### What to produce
Please print the line that holds "HED42B025 - Siemens" and each line after it to the end of the data, word for word, without any pictures.

[[ Exercise input, beginning ]]

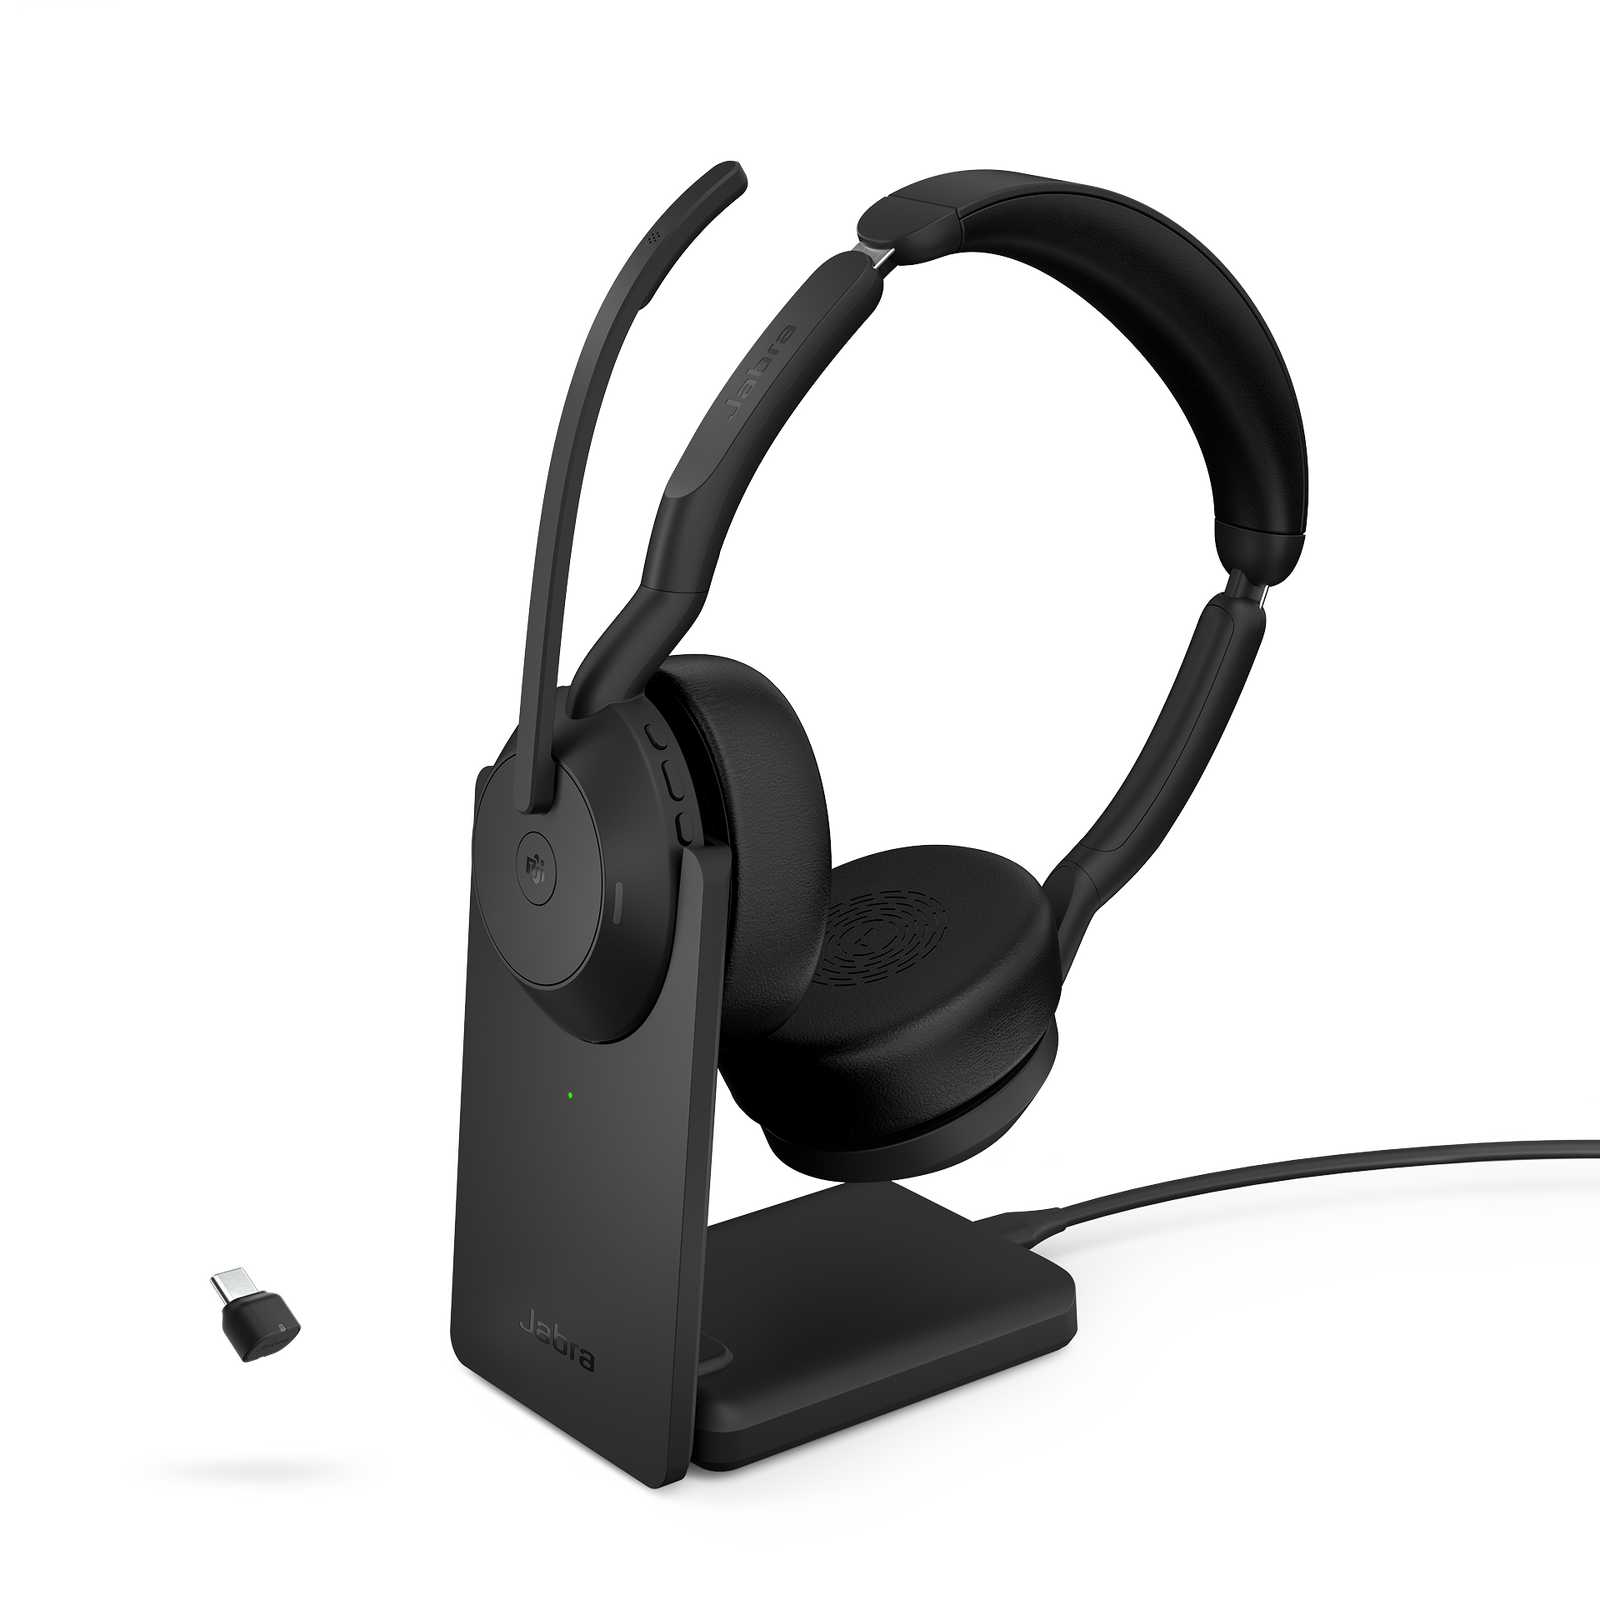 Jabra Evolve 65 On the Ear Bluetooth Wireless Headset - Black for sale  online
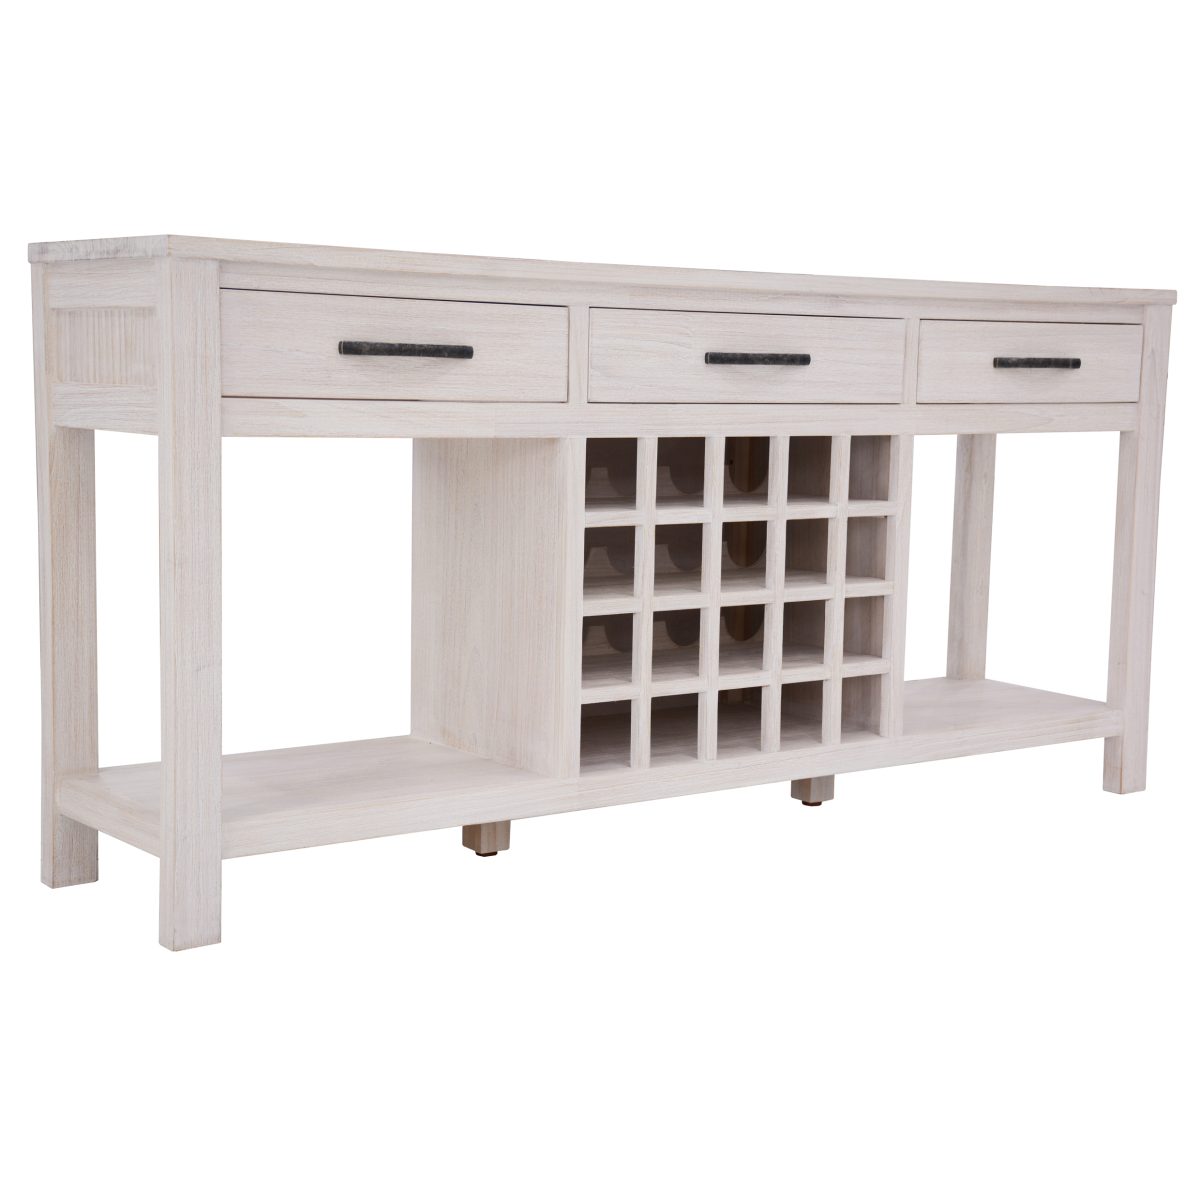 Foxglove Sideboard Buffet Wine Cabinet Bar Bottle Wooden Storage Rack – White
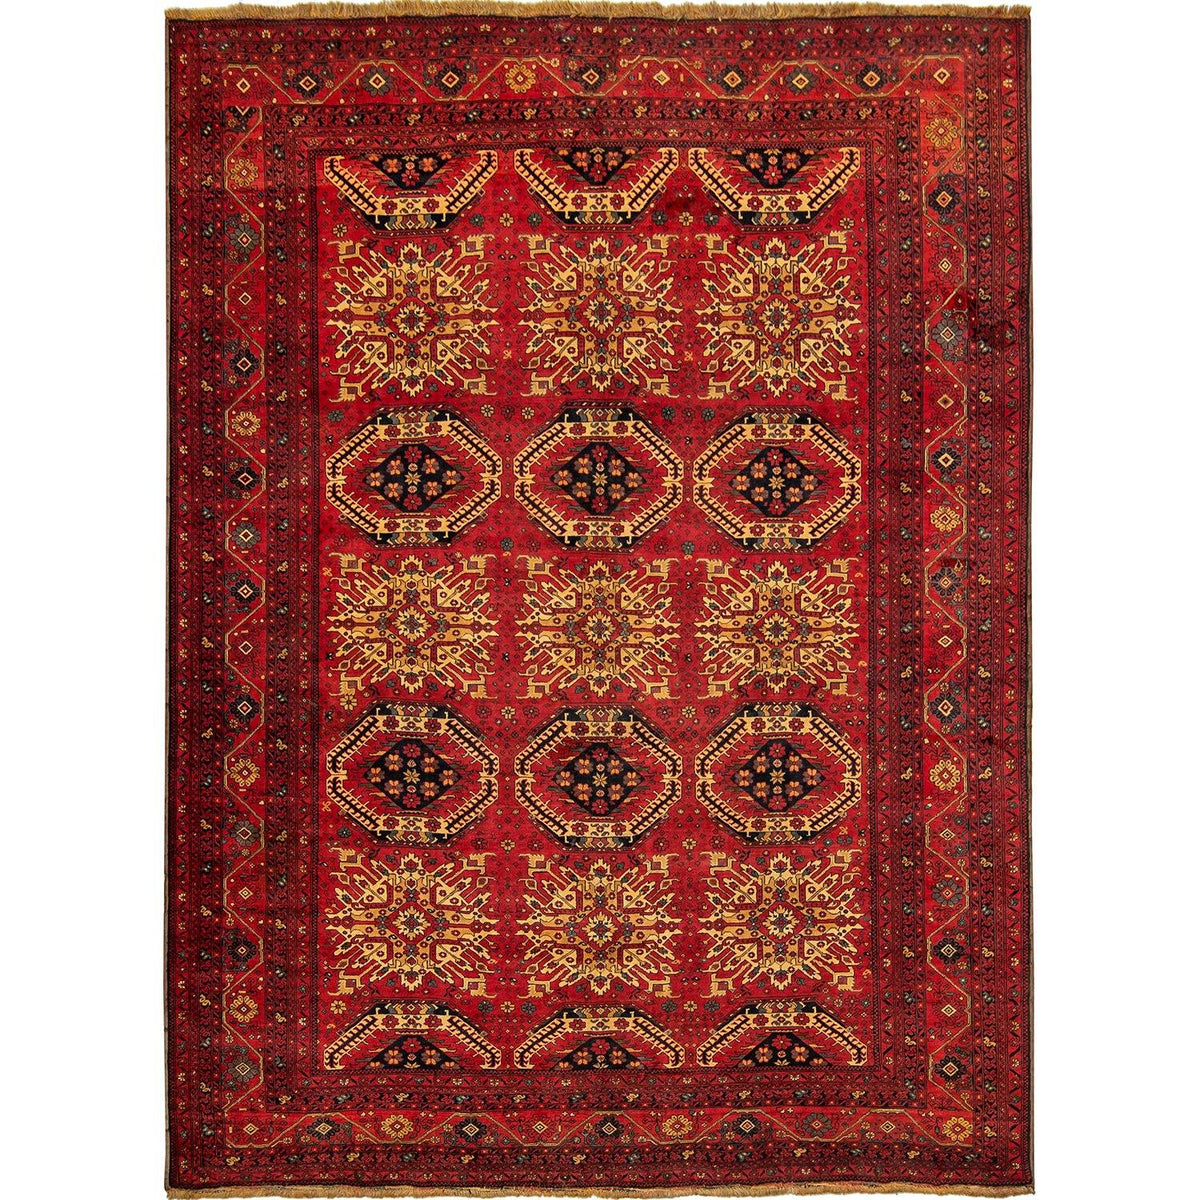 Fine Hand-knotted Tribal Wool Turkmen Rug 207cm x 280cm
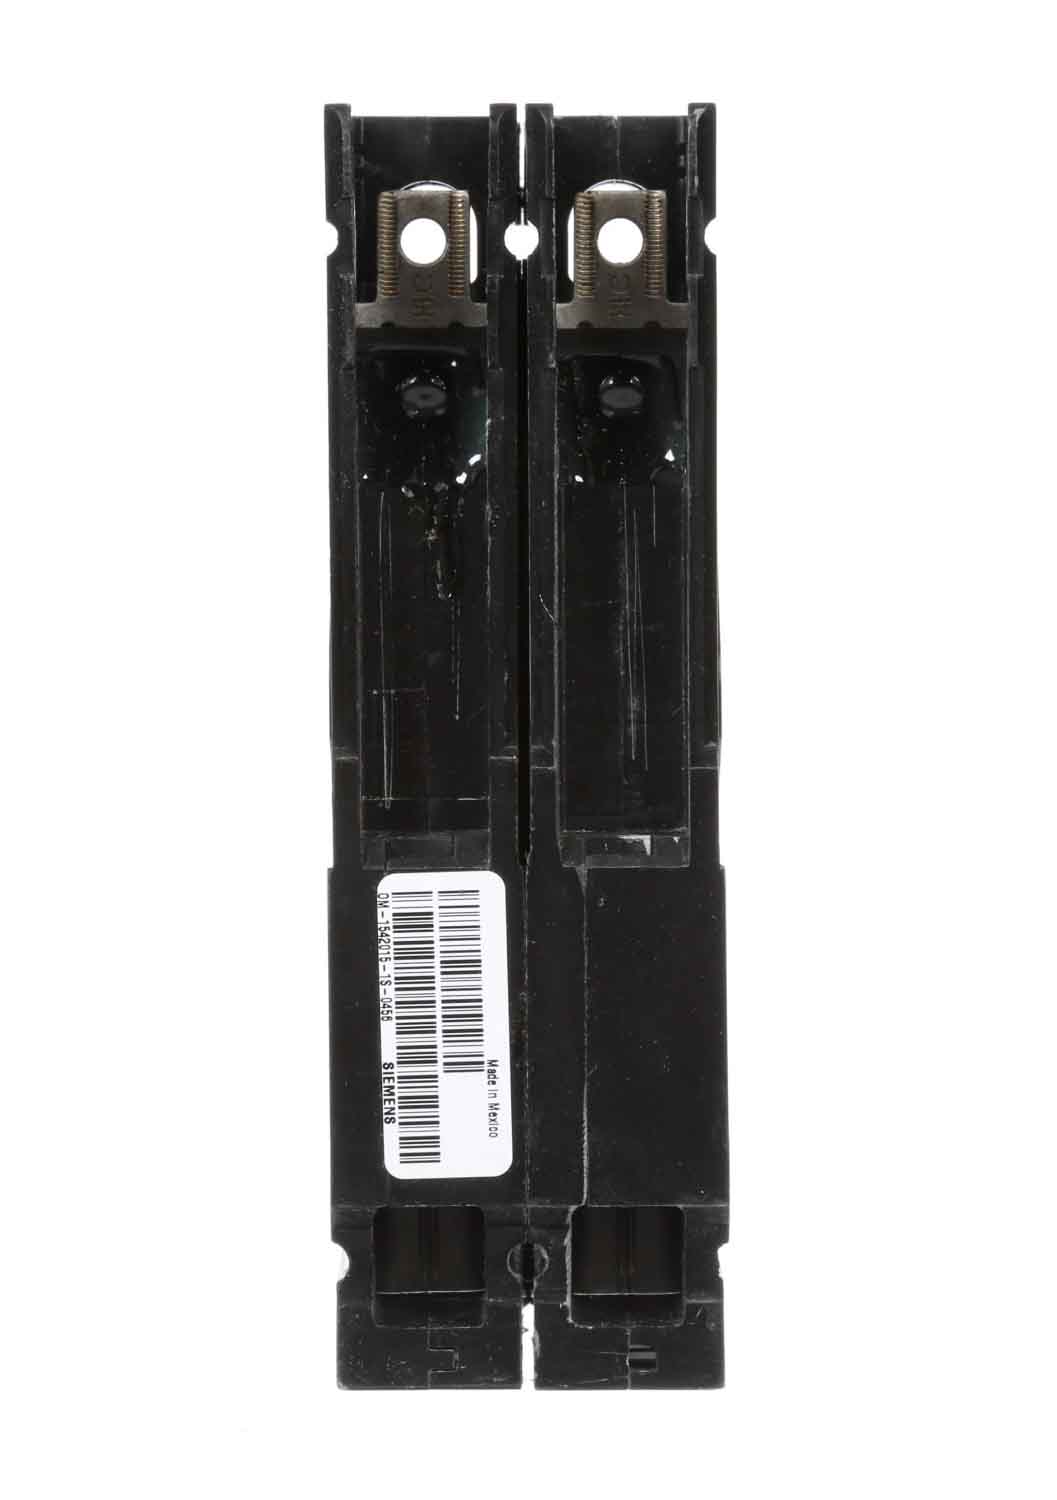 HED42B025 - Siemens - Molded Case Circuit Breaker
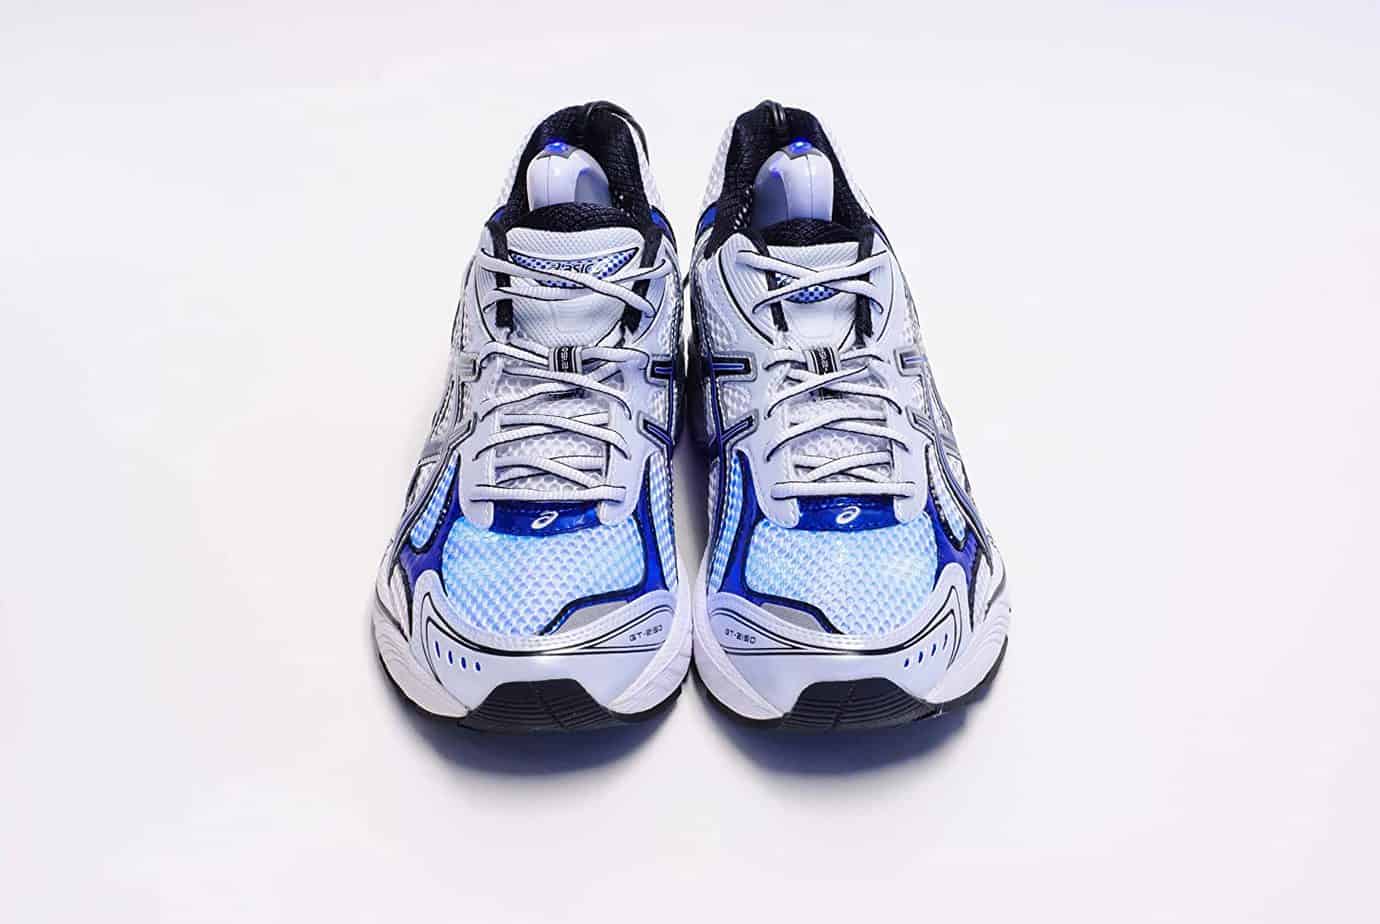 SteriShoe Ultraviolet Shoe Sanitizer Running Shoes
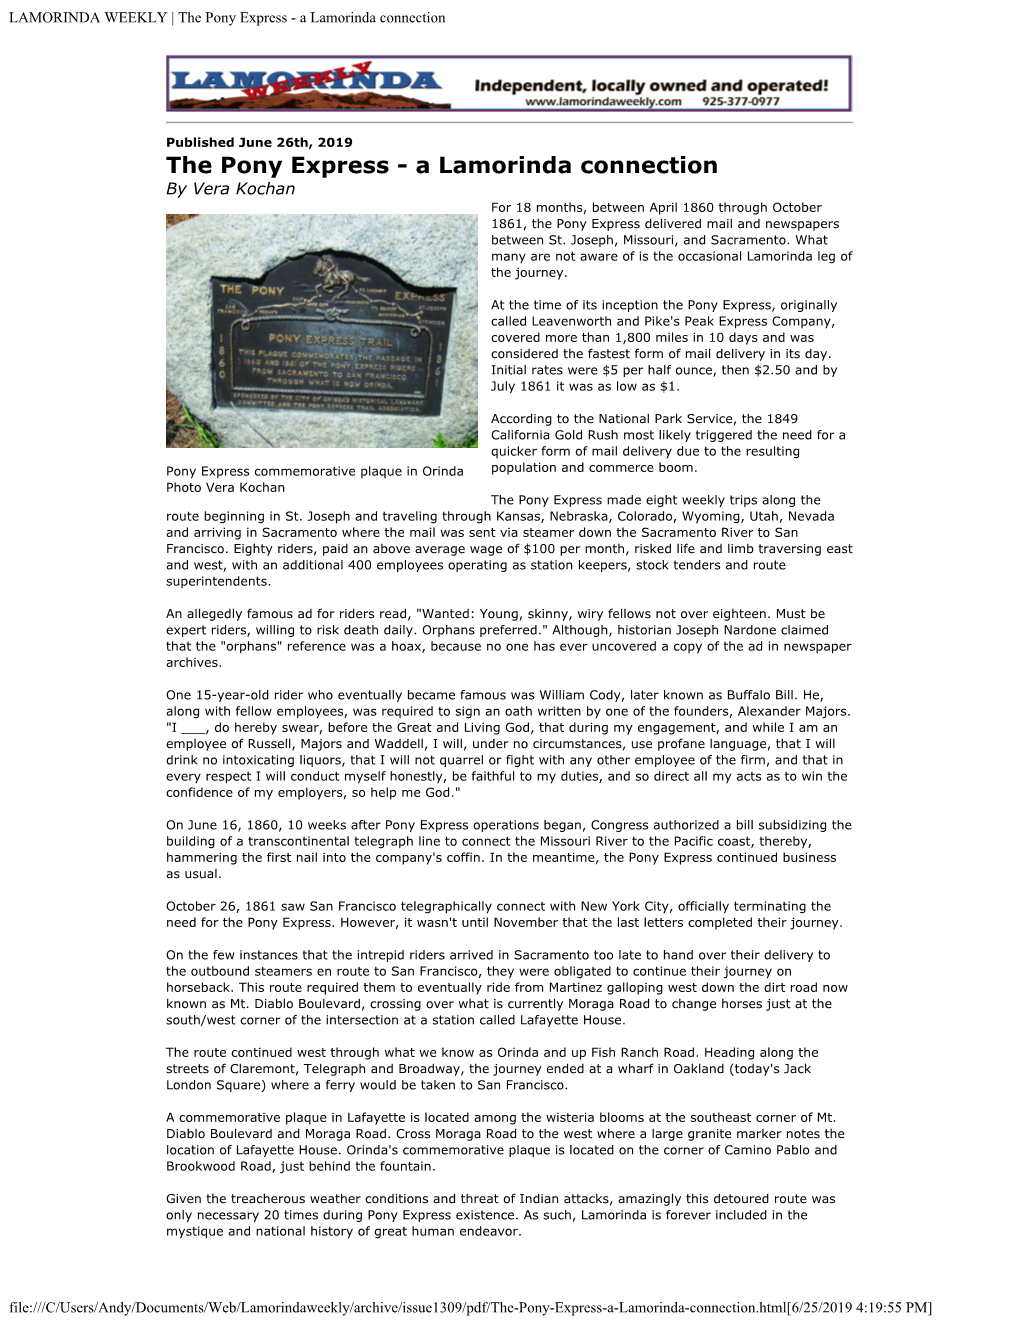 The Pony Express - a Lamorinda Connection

[[ Exercise input, end ]]

### Answer for the task
 HED42B025 - Siemens - Molded Case Circuit Breaker
 SteriShoe Ultraviolet Shoe Sanitizer Running Shoes
 The Pony Express - a Lamorinda Connection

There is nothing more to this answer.